- DVD cover
- Directed by: Satsuo Yamamoto
- Written by: Yoshikata Yoda; Tomoe Yamashiro (novel);
- Produced by: Wataru Nakayama; Saburō Tateno;
- Starring: Yūko Mochizuki; Rentarō Mikuni;
- Cinematography: Minoru Maeda
- Edited by: Akikazu Kōno
- Music by: Hikaru Hayashi
- Production company: National Rural Film Association
- Distributed by: Shintoho
- Release date: February 11, 1959 (Japan);
- Running time: 145 minutes
- Country: Japan
- Language: Japanese

= Ballad of the Cart =

1959 film

Ballad of the Cart Song of the Cart (荷車の歌, Niguruma no uta) is a 1959 Japanese drama film directed by Satsuo Yamamoto. It was written by Yoshikata Yoda, based on a novel by activist Tomoe Yamashiro.

==Plot==
In Hiroshima Prefecture during the Meiji era, simple housemaid Seki accepts the proposal of Moichi, an educated mail carrier, who has decided to quit his job and save money for a warehouse by transporting goods with his wooden cart. Seki's parents disown her for not asking for their approval, and also Moichi's mother, a widow, does not accept her as her daughter-in-law, treating her disdainfully. The couple borrows money for a second cart, and Seki joins her husband in his hard labour life.
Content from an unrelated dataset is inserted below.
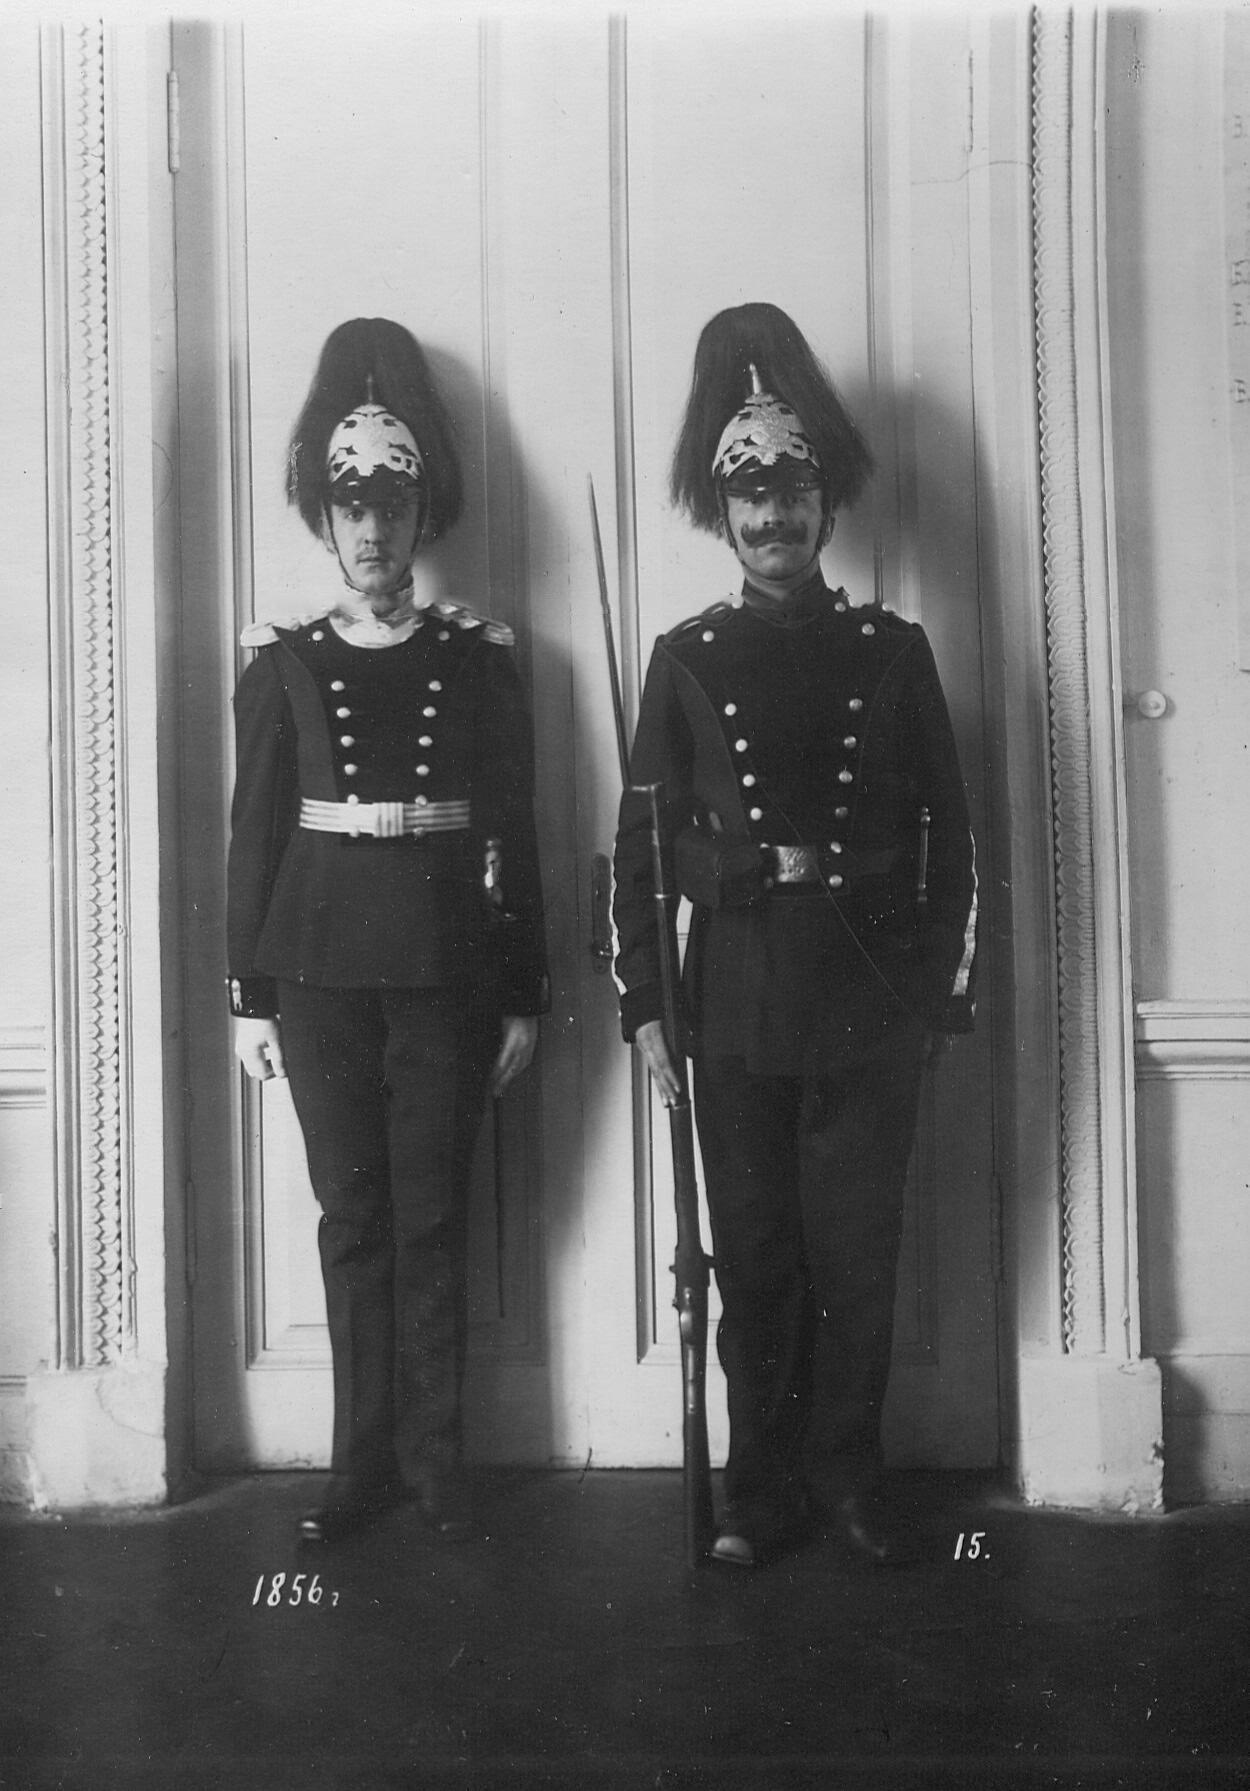 Форма офицера и солдата батальона образца 1856 года.

The film follows Seki through familial and financial difficulties and her raising five children over the next 50 years, and ends with the post-war agrarian reform.

==Cast==
- Yūko Mochizuki as Seki
- Rentarō Mikuni as Moichi
- Teruko Kishi as Moichi's mother
- Sachiko Hidari as Otoyo
- Mitsuko Mito as Natsuno
- Kō Nishimura as Hatsuzo
- Yoshio Inaba as Fujitaro
- Eitarō Ozawa as Seki's employer
- Kumeko Urabe as Ohina

==Production==
The production of Ballad of the Cart was funded with the help of Japan's National Association of Women Farmers and produced by the National Rural Film Association. Screenwriter Yoshikata Yoda, a frequent collaborator of director Kenji Mizoguchi, adapted Tomoe Yamashiro's 1956 novel of the same name, a notable post-war example of Japanese "peasant literature".

==Release==
The film was released cinematically in Japan on February 11, 1959 by Shintoho. It was later released on DVD in 2004.

==Awards==
Ballad of the Cart received awards for Best Director (Yamamoto) and Best Film Score (Hikaru Hayashi) at the 1960 Mainichi Film Awards.

In Kinema Junpo magazine's list of the 10 best Japanese films of the year, Ballad of the Cart reached #4 in 1959.

==Reception==
Film scholar Alexander Jacoby pointed out the film's depth of characterisation and intelligent script, calling it "exceptionally moving" and "probably Yamamoto's masterpiece".